**ASSIGNMENT**
Keep the text of the data exactly as it is and omit each picture from the copy.

**DATA BLOCK**
--*--

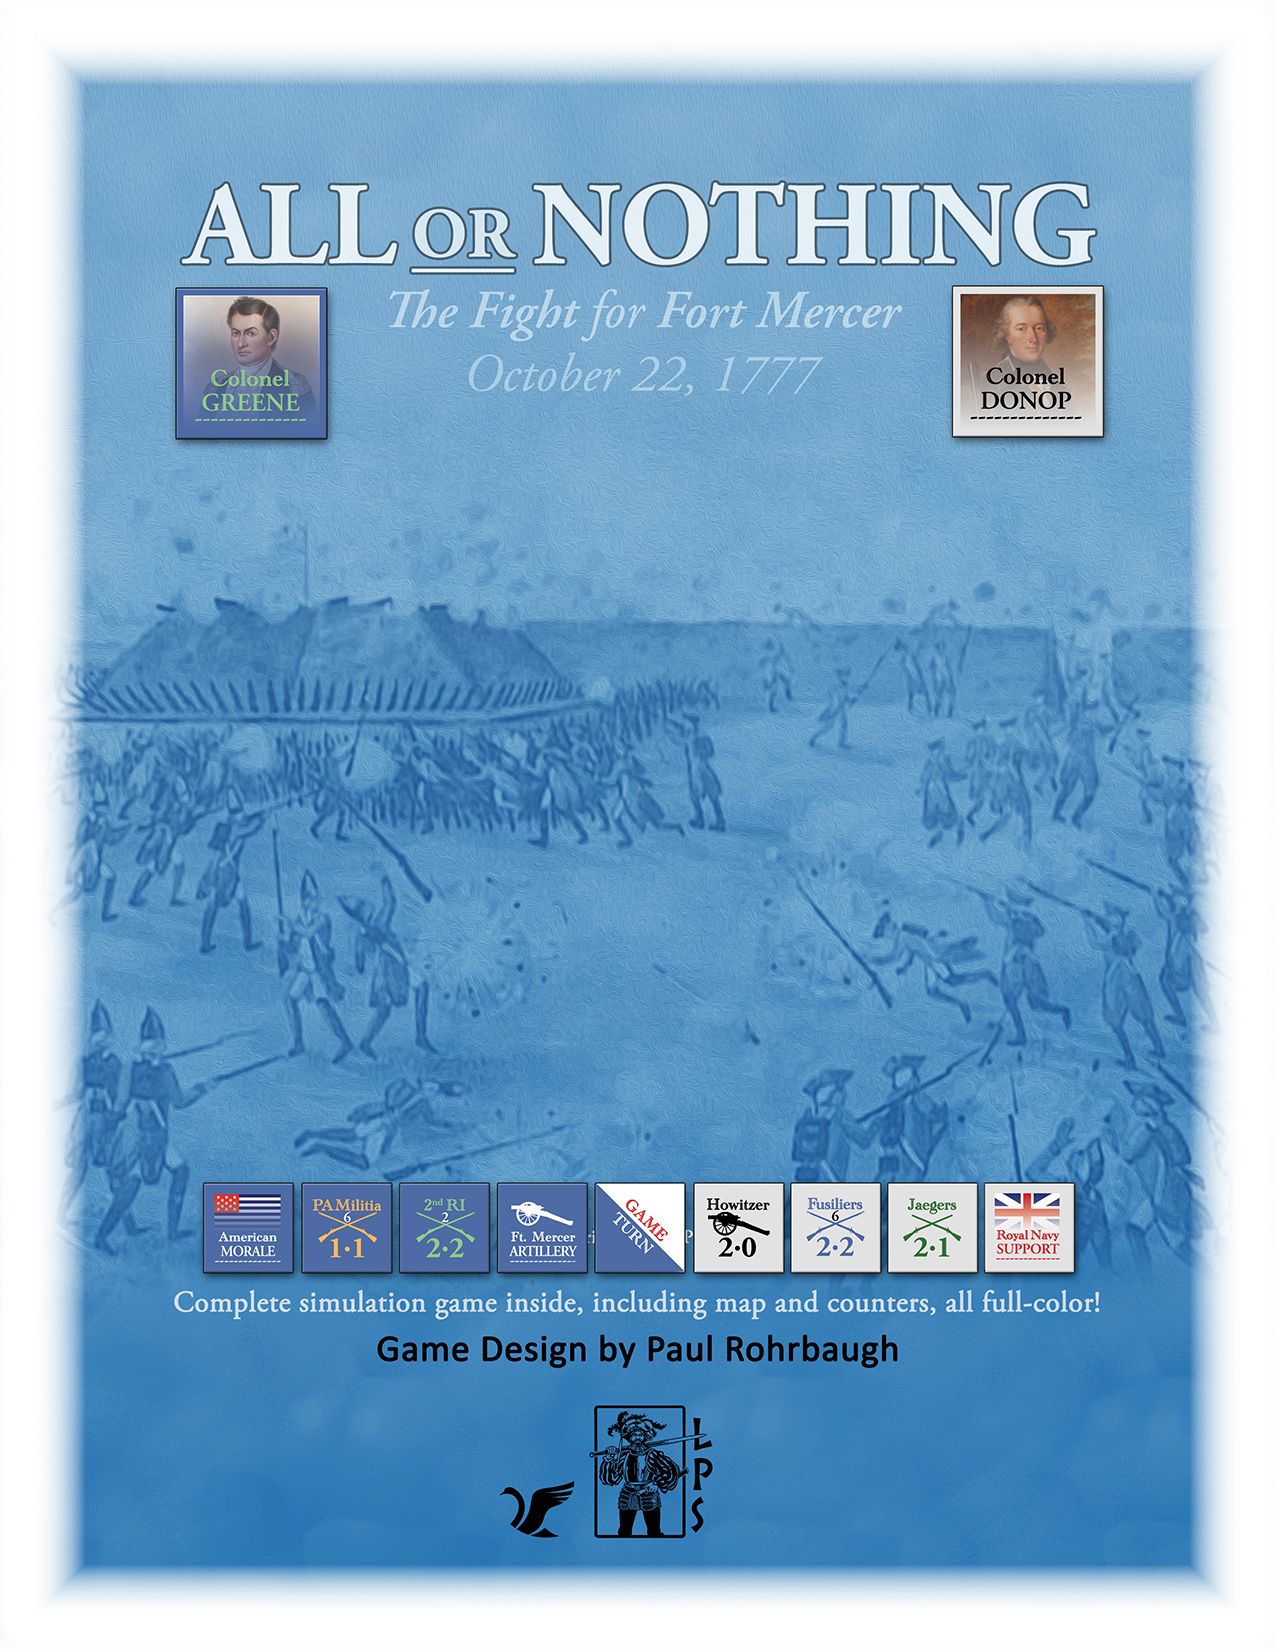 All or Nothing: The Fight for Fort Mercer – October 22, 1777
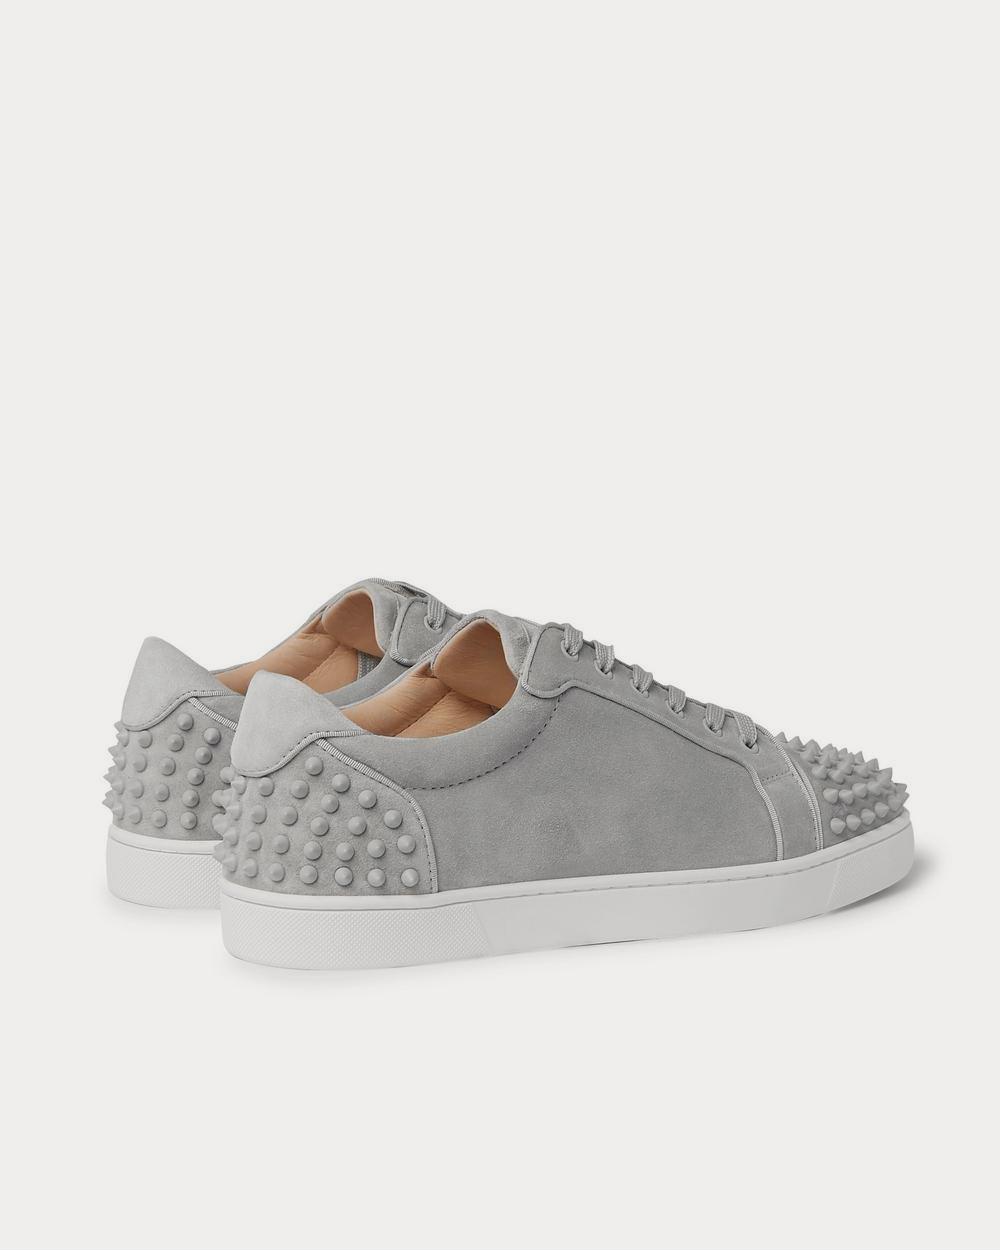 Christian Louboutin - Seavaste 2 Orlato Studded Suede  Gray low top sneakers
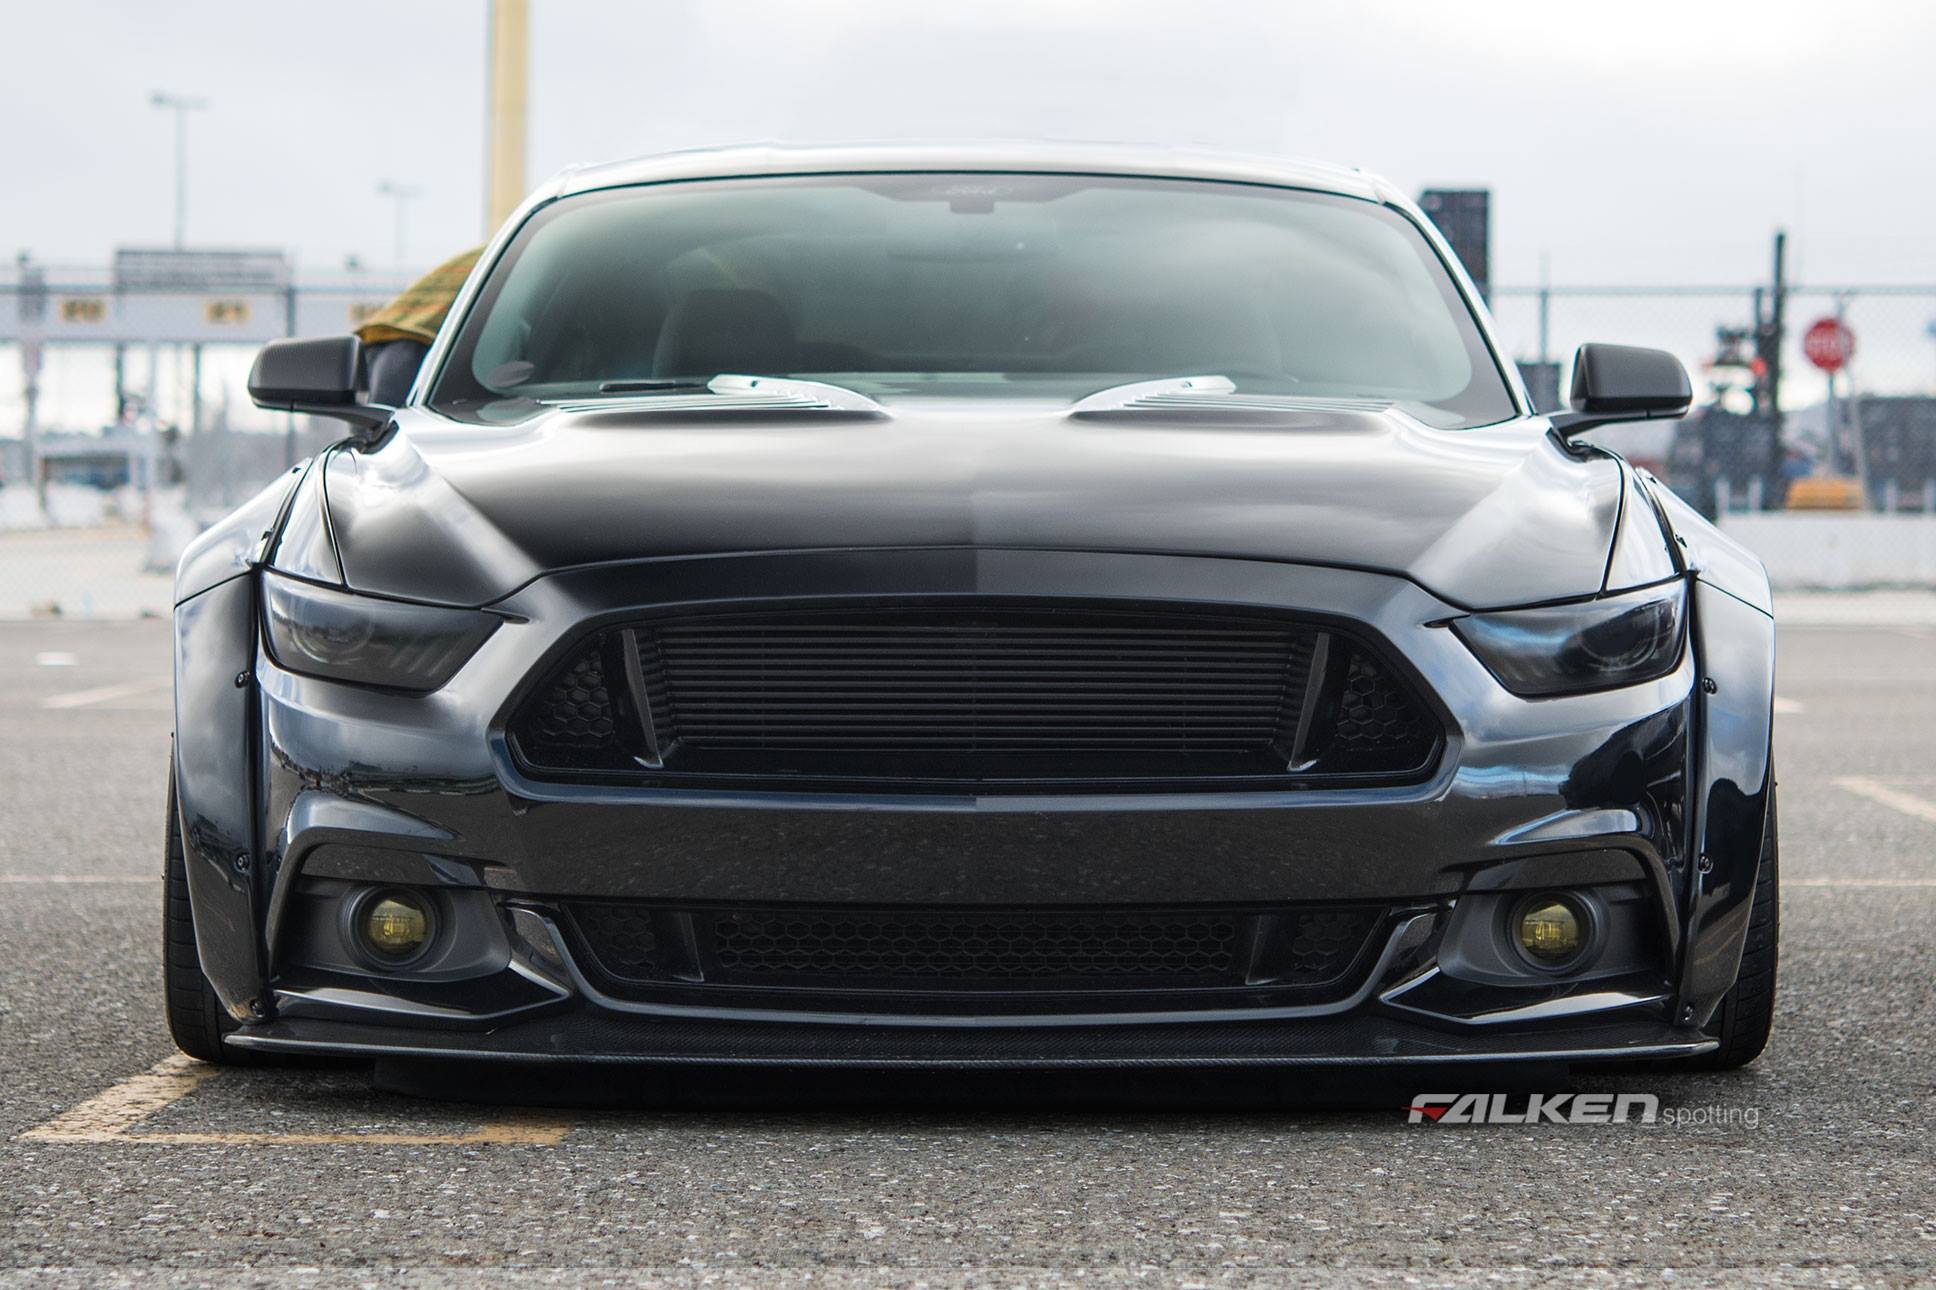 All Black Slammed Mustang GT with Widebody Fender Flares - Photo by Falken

--*--

**OUTPUT**
 All or Nothing: The Fight for Fort Mercer – October 22, 1777
 Christian Louboutin - Seavaste 2 Orlato Studded Suede  Gray low top sneakers
 All Black Slammed Mustang GT with Widebody Fender Flares - Photo by Falken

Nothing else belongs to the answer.